Trend Micro Inc.

01/14/2022 | News release | Distributed by Public on 01/14/2022 08:15

Codex Exposed: How Low Is Too Low When We Generate Code?

In June 2020, OpenAI released version 3 of its Generative Pre-trained Transformer (GPT-3), a natural language transformer that took the tech world by storm with its uncanny ability to generate text seemingly written by humans. But GPT-3 was also trained on computer code, and recently OpenAI released a specialized version of its engine, named Codex, tailored to help - or perhaps even replace - computer programmers.

In a series of blog posts, we explore different aspects of Codex and assess its capabilities with a focus on the security aspects that affect not only regular developers but also malicious users. This is the second part of the series. (Read the first part here.)

Because it is based on GPT-3, Codex has benefited from being trained with a massive codebase taken from all over the internet, in virtually every programming language available. However, natural languages and programming languages do not share the same properties. And while natural languages can benefit from the generally higher flexibility in understanding concepts of the human mind, programming languages are bound to more rigid constructs and less forgiving principles, dictated by their respective interpreters or compilers.

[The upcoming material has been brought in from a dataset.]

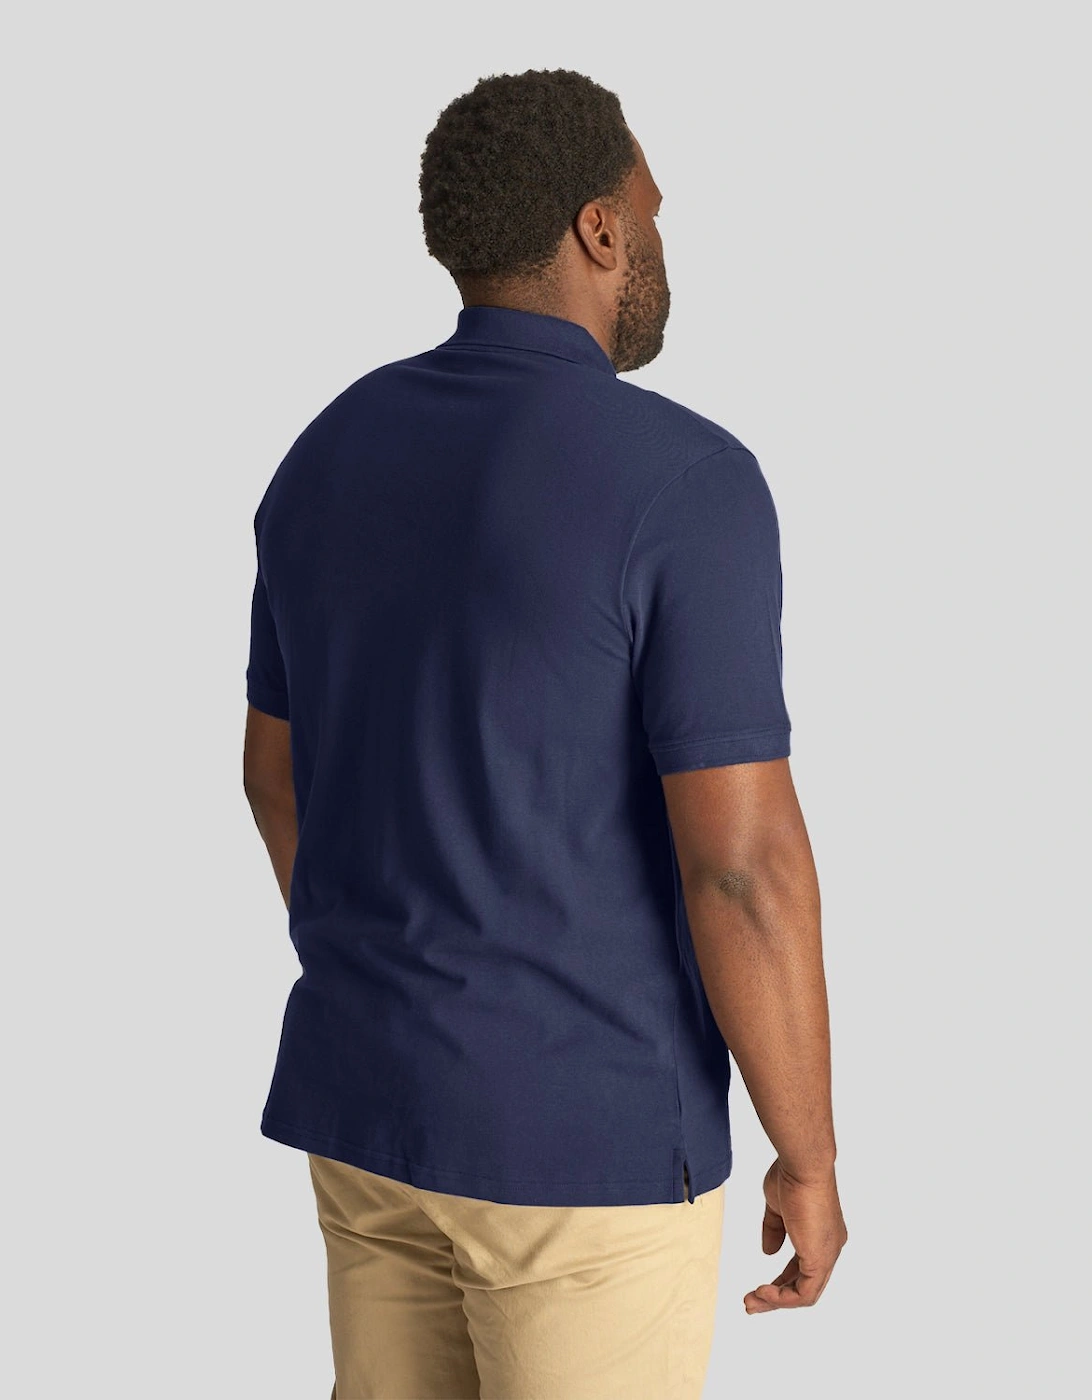 Plain Polo Shirt Plus
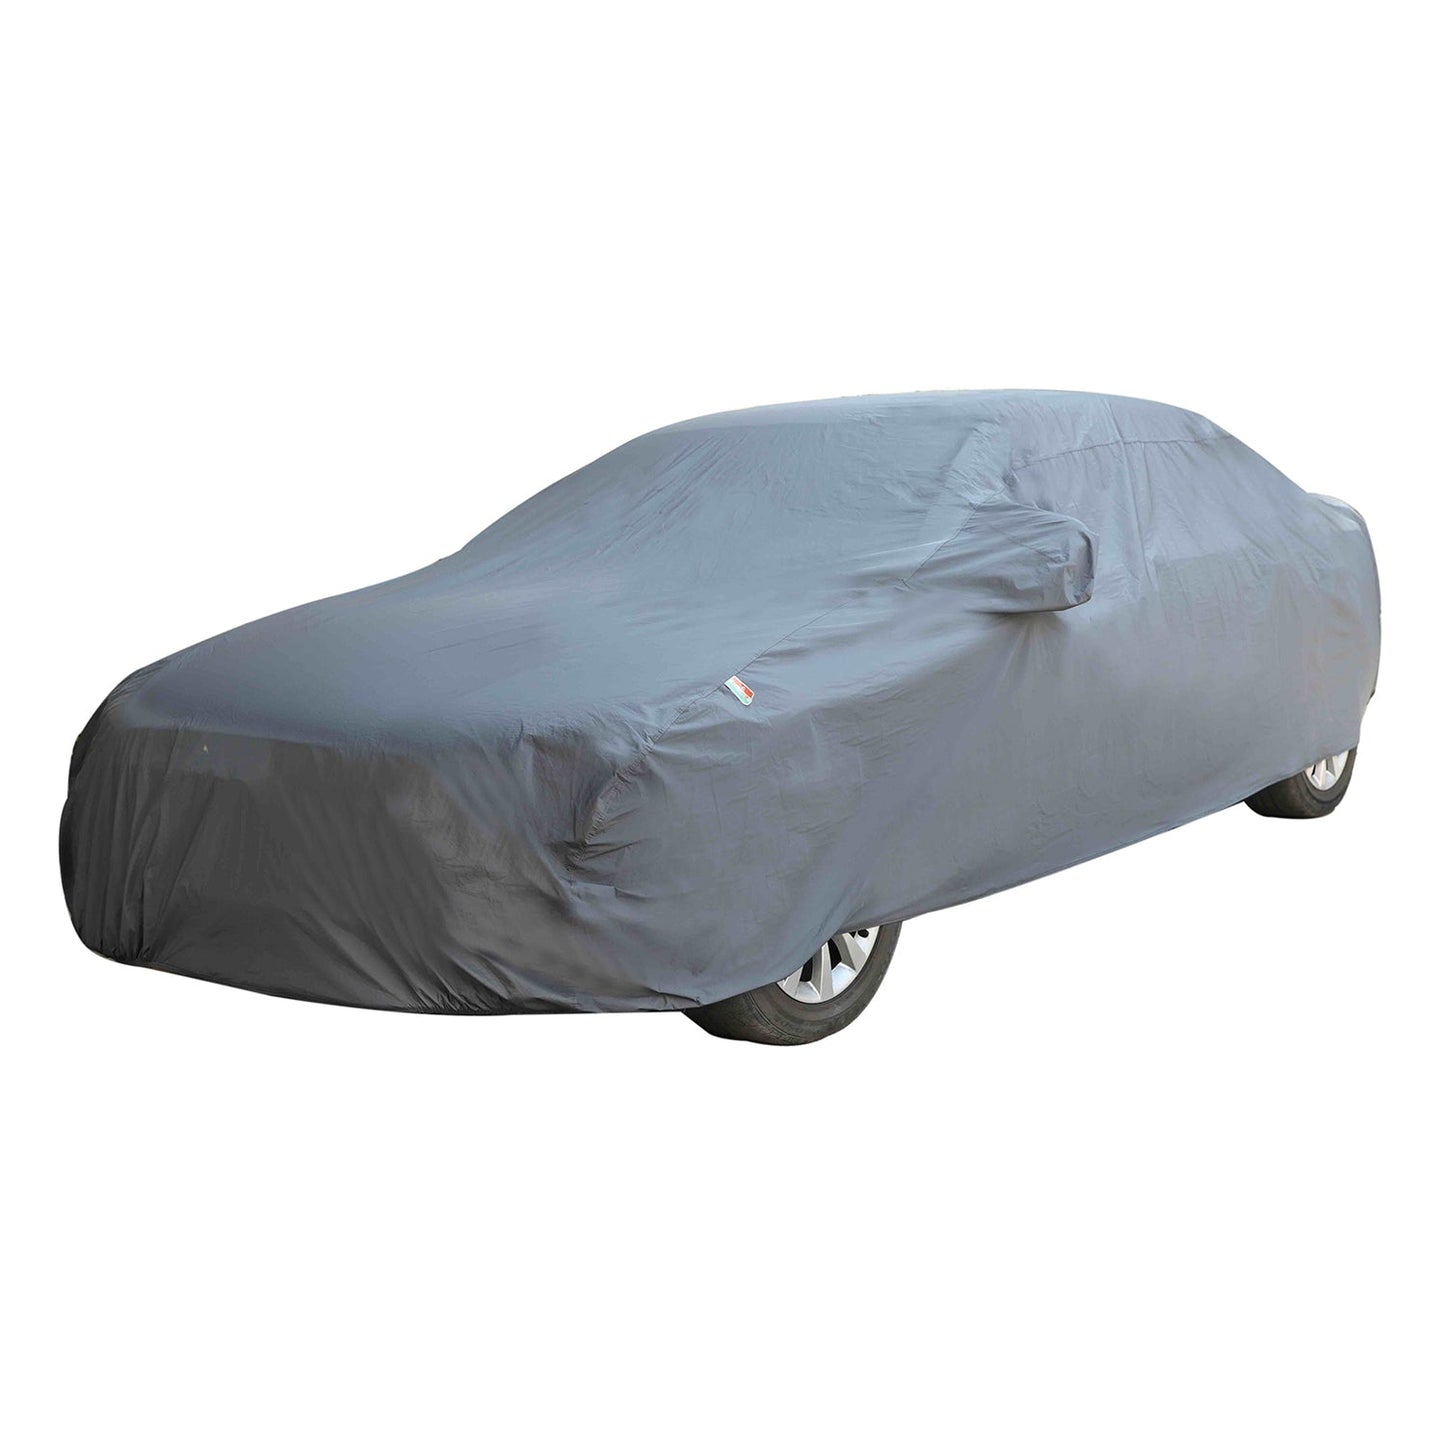 Oshotto Dark Grey 100% Anti Reflective, dustproof and Water Proof Car Body Cover with Mirror Pocket For Maruti Suzuki Sx4

For high-level programming languages, it is reasonable to expect that the same statistical modeling that works so well in GPT-3 for natural languages would bear similar advantages for its code generation capabilities. Codex, however, lacks some of the essential constructs required for a real "understanding" of programming languages, such as their abstract syntax tree or the computational architecture of the target machine.

So, how far can we push code generation while still being effective?

The imitation game: Codex's ability to understand low-level code

To assess how deep Codex's understanding of its generated code is, we tested its understanding of assembly language. We chose this to get the farthest away from natural language and the closest to the machine. We tested Codex by giving it assembly code samples, which we asked it to translate to ordinary language.